Ага, думает, сейчас я всё доем, а ему не достанется! Нет, Боря, не бывать сему никогда! Это придавало мне уверенности. Да, я слаба в этом немощном тельце, но сила мысли способна превратить желаемое в действительное!
…Не знаю, что побудило меня перебраться с табуретки вниз и разлечься на полу, среди хлебных крошек, раскинув руки в стороны. Вдалеке – где-то на уровне горизонта, маячили две босые Борины пятки. Они показались мне знамением жизни, так стремительно отдаляющейся от меня…
Как это символично – оказаться на полу второй раз за сегодняшний день. И главное – по причине прямо противоположной предшествующей!

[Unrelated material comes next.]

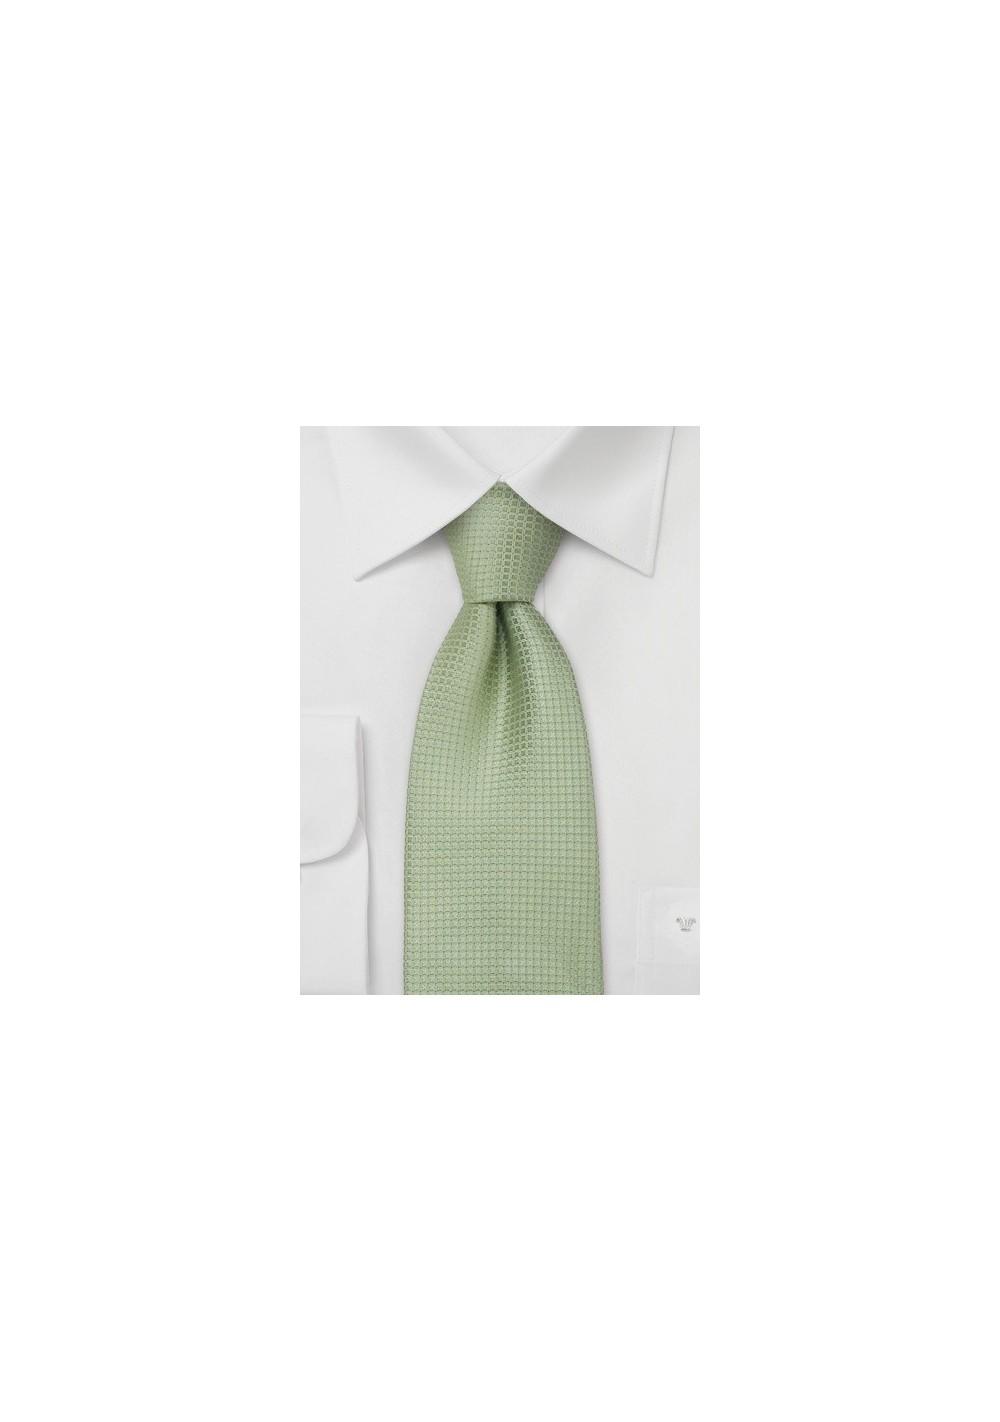 Extra Long Ties - Light apple green XL necktie

Умирать лёжа было удобней и… традиционней. А я не хотела нарушать традиций этих странных созданий природы в такой ответственный для меня момент. Я ясно представила себе надпись на надгробном памятнике. Красивыми золотистыми буквами. Вот так вот:
БЫЛА ТУМАНОМ, ЧЕЛОВЕКОМ УМЕРЛА!
Боруэлла Вениаминовна
15.09.02–15.09.02
Я даже всхлипнула от жалости к себе.
– А я говори-и-ил, – поучительно и протяжно вывел Боря.
Не оплакивай меня, мальчик! Пока ещё я жива. Хоть жить осталось мало…
– Обожралась, – утвердительно сказал Боря довольным голосом.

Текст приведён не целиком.